Impact of Revision 3 on Compliance Effort
CMMC Revision 3 does more than add PQC placeholders; it reorganizes and consolidates numerous security controls required for Level 2 assessments, introducing dozens of new organizational defined parameters and objectives. Graham warned that this increased granularity reduces ambiguity but also raises the burden on contractors, who must now make and document more deliberate security decisions. For many small‑ and mid‑sized defense suppliers, the added complexity could strain limited compliance resources, especially as they simultaneously grapple with the fundamentals of CMMC.

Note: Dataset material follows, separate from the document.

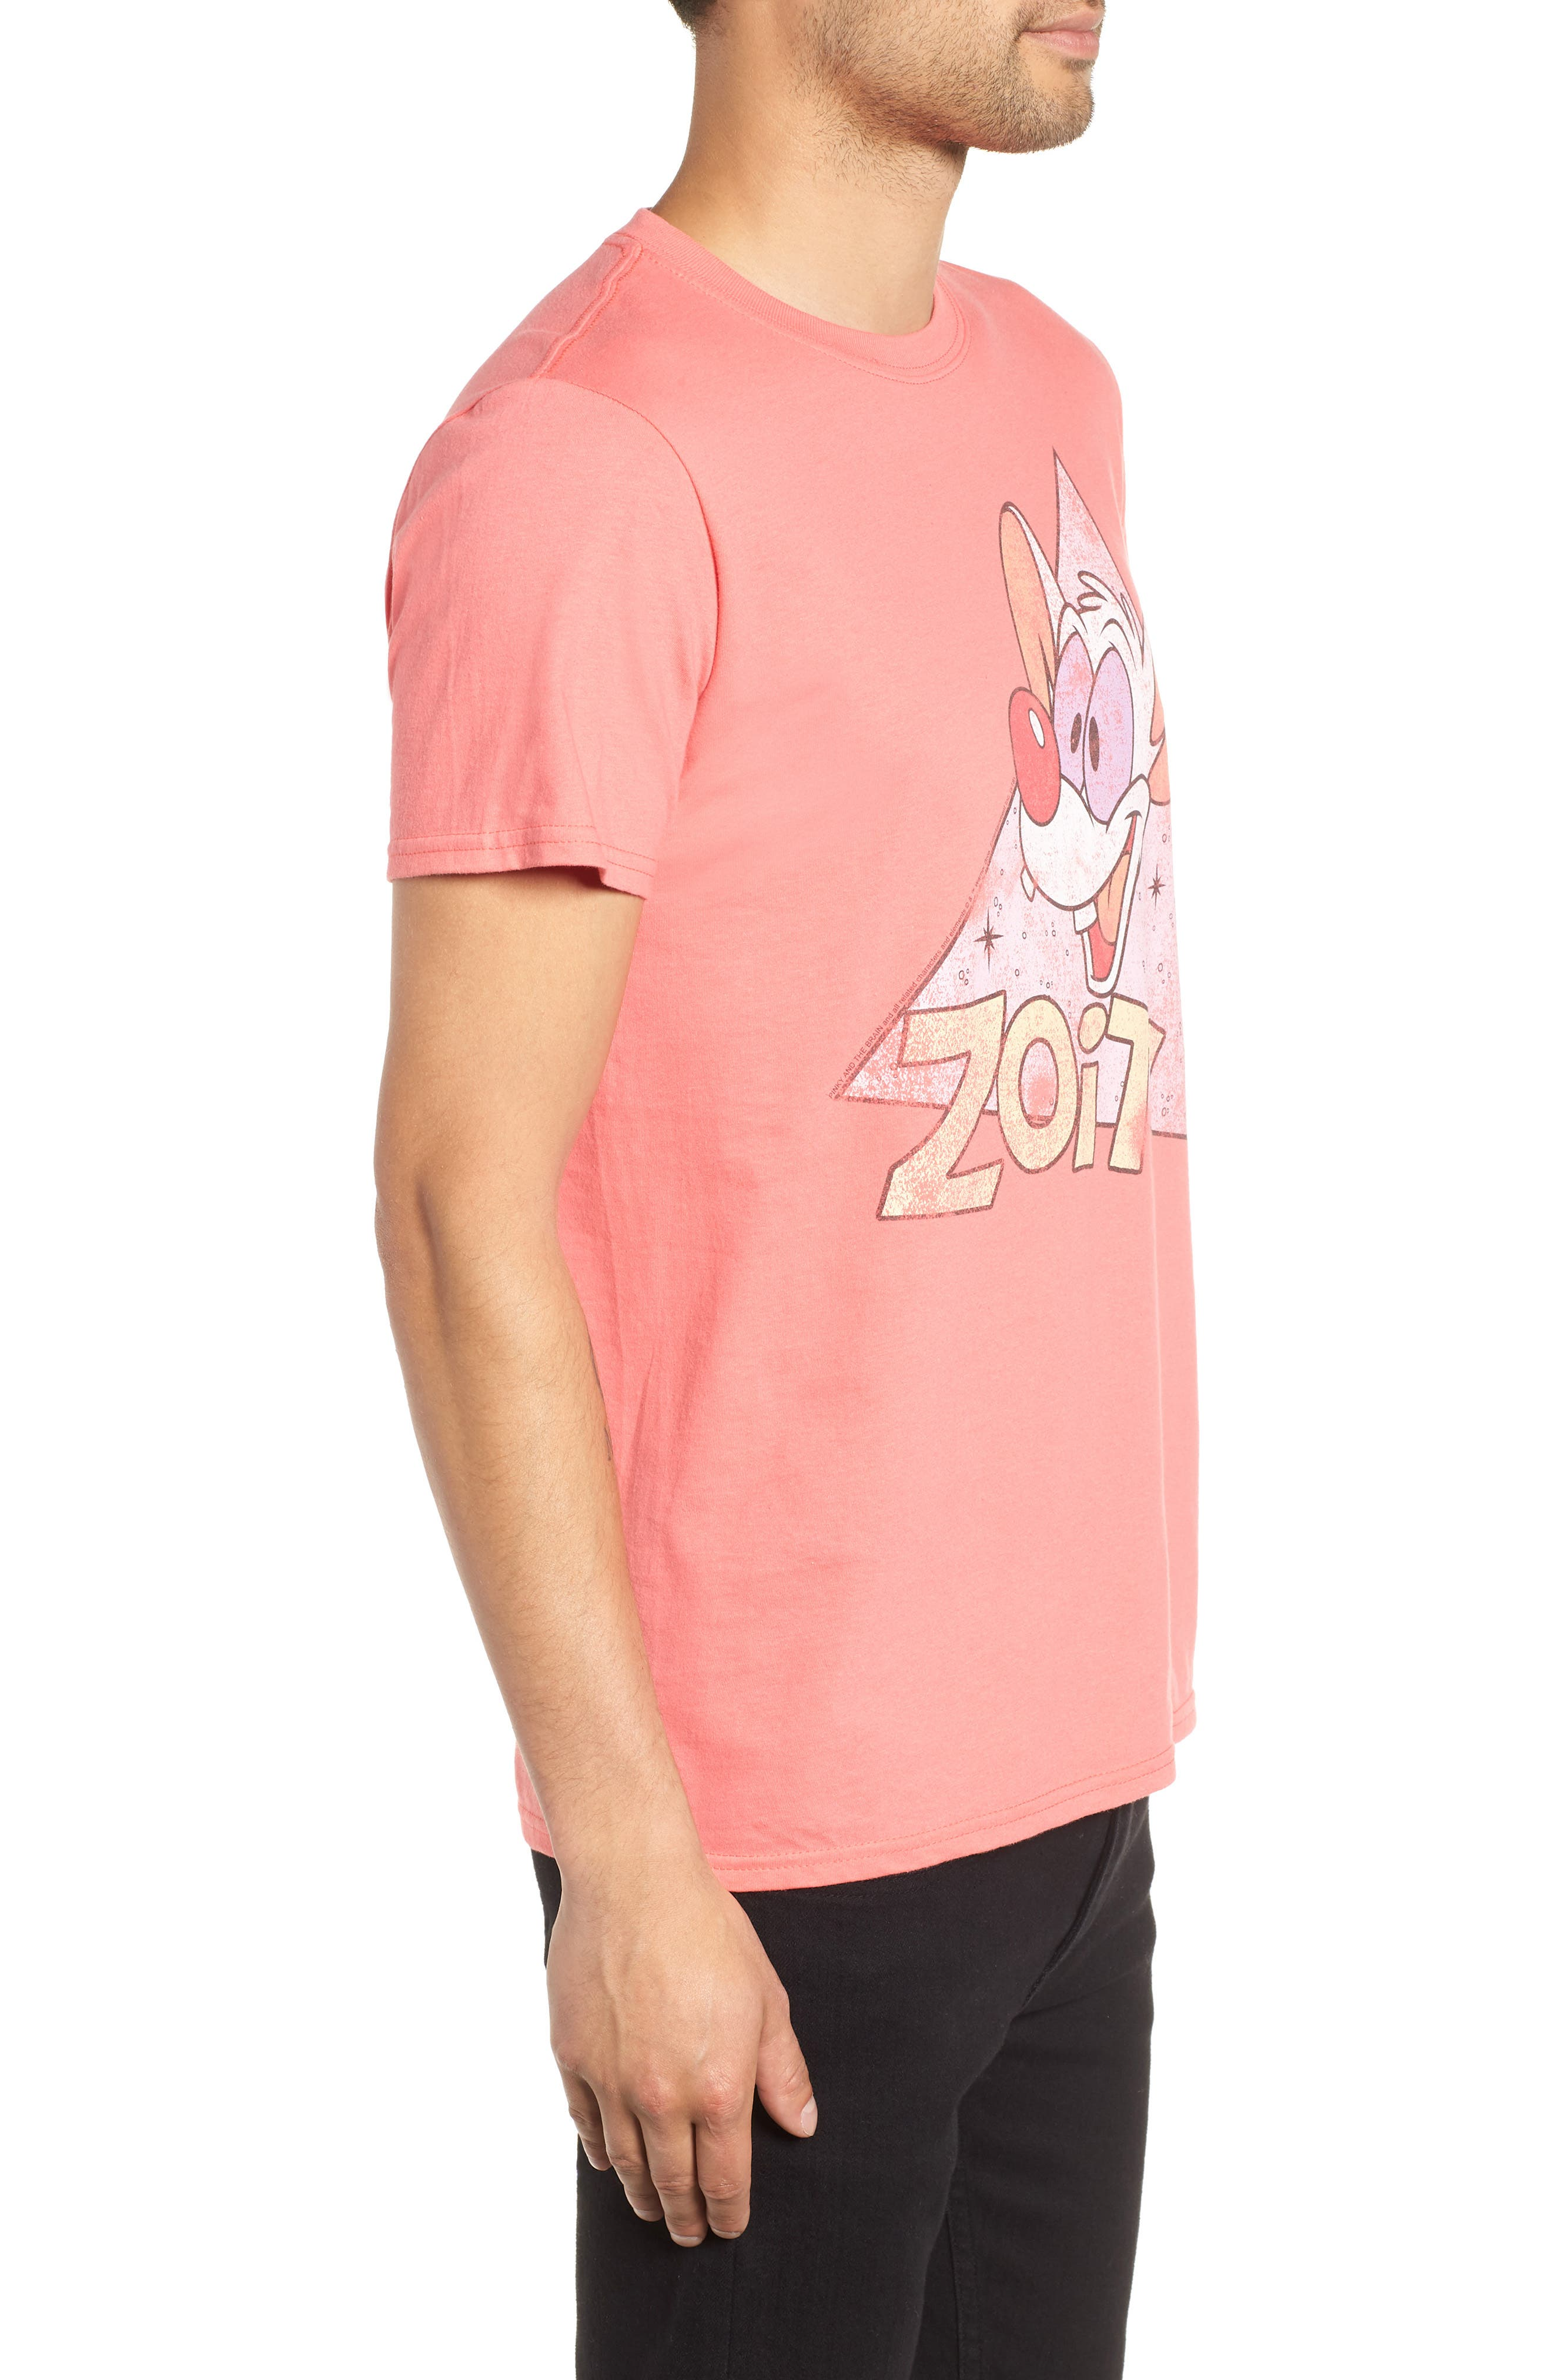 Zoit Graphic T-Shirt,                             Alternate thumbnail 3, color,                             CORAL ZOIT

Industry Readiness and Current State of PQC Solutions
Current market offerings for post‑quantum cryptography remain nascent; while several algorithms have been selected by NIST for standardization, mature, off‑the‑shelf implementations are still scarce. Gruden observed that many defense contractors lack the expertise or infrastructure to deploy these algorithms without risking system stability, and that vendors are still refining their products. Consequently, the industrial base’s readiness gap is not merely a matter of willingness but also of technological maturity—both the cryptographic primitives and the surrounding toolchains need further development before widespread commercial validation.
Looking Ahead: Timeline and Recommendations
Given the uncertainties, a pragmatic path forward involves a staggered, multi‑year implementation. Contractors should begin by inventorying their cryptographic assets, assessing which systems rely on vulnerable public‑key schemes, and piloting PQC candidates in non‑production environments. Engaging with third‑party assessors familiar with both CMMC and emerging quantum‑resistant standards can help identify gaps early. While the DoD’s 2030/2031 targets provide a long‑term horizon, proactive steps taken now will position the defense industrial base to meet forthcoming PQC requirements without disruptive, last‑minute overhauls.